Intelligent Video Monitoring



Conventional video security systems generate large numbers of costly false alarms. They also lack the ability to intelligently filter relevant information from large quantities of extraneous video data, creating cognitive overload conditions in even the most proficient human operators. SET is addressing these problems by developing intelligent video monitoring technologies that automatically monitor specific behaviors in predefined regions of interest. Our technology allows an operator to quickly identify desired behaviors and interest regions, such as the red passenger deplaning corridor in the associated picture. Once defined, our system automatically monitors the video stream to detect deviations from allowable behavior patterns in and around these regions.


3D Modeling



Automatic acquisition of 3–D models of humans, vehicles, and structures is in high demand for gaming, navigation, and computer vision systems. However, manual construction of such models takes far too long to be of practical use, and specialized sensors such as Interferometric Synthetic Aperture Radar (IFSAR) and Laser Induced Differential Absorption Radar (LIDAR) are not feasible for many applications. SET researchers are developing shape-from-motion techniques for automatically constructing detailed 3D models from image sequences captured by a single, consumer grade, handheld video camera equipped with a commercial inertial measurement unit. These techniques will allow for the rapid and inexpensive acquisition of 3D models in unconstrained indoor and outdoor environments.

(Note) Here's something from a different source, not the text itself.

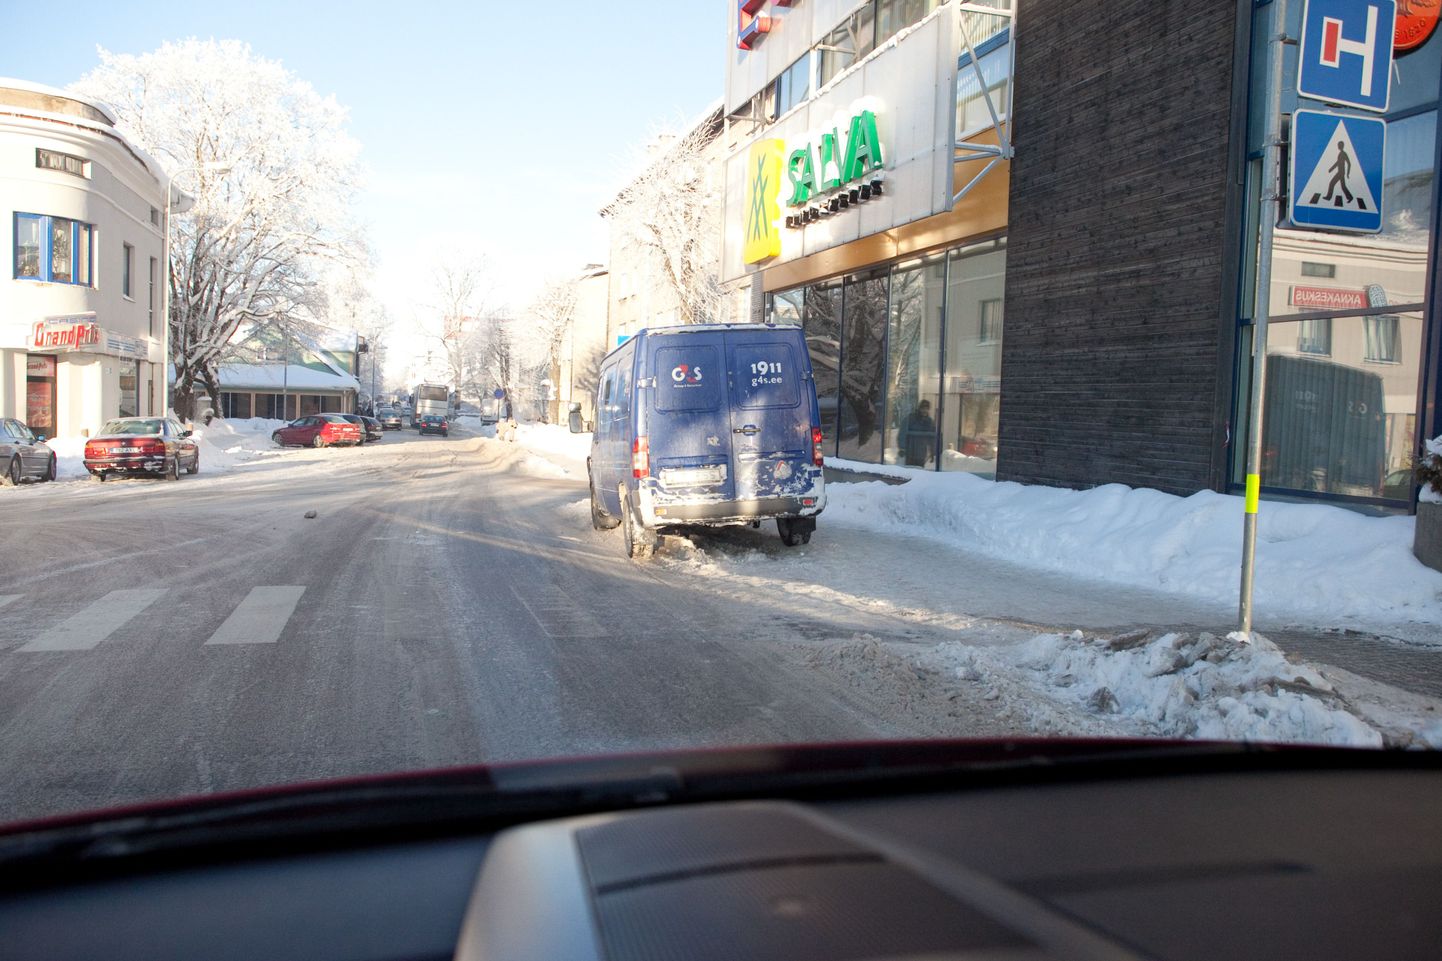 Swedbanki esine valmistab tõsist peavalu liikluskorraldajatele. Jalakäijate ohutuse tagamiseks ei saa lubada tänava paremas servas parkimist, ehkki G4Si autod seal pahatihti seisavad.

Hyperspectral Target Detection



Broadband sensors are often insufficient to enable accurate automatic characterization of scene content. Hyperspectral imaging sensors provide high dimensional spectral responses at each spatial location that yield a rich feature set to enable accurate scene characterization. The voluminous data typically requires large computational complexity for scene analysis. SET, in conjunction with the Johns Hopkins University Applied Physics Laboratory (APL), has developed and demonstrated technologies that have significantly advanced computation and operational performance for HSI detection. A new non-parametric approach has been developed to process this data in real time in a fashion that provides detection accuracy surpassing existing technologies. This represents two orders of magnitude reduction in computational complexity relative to current approaches. The system facilitates real-time operation (5-10 Hz for 256x256x100 hypercubes) on a COTS PC platform. Subpixel target detection has also been demonstrated in a fashion that enables recognition of targets from space-based sensors with greater accuracy than existing methodologies.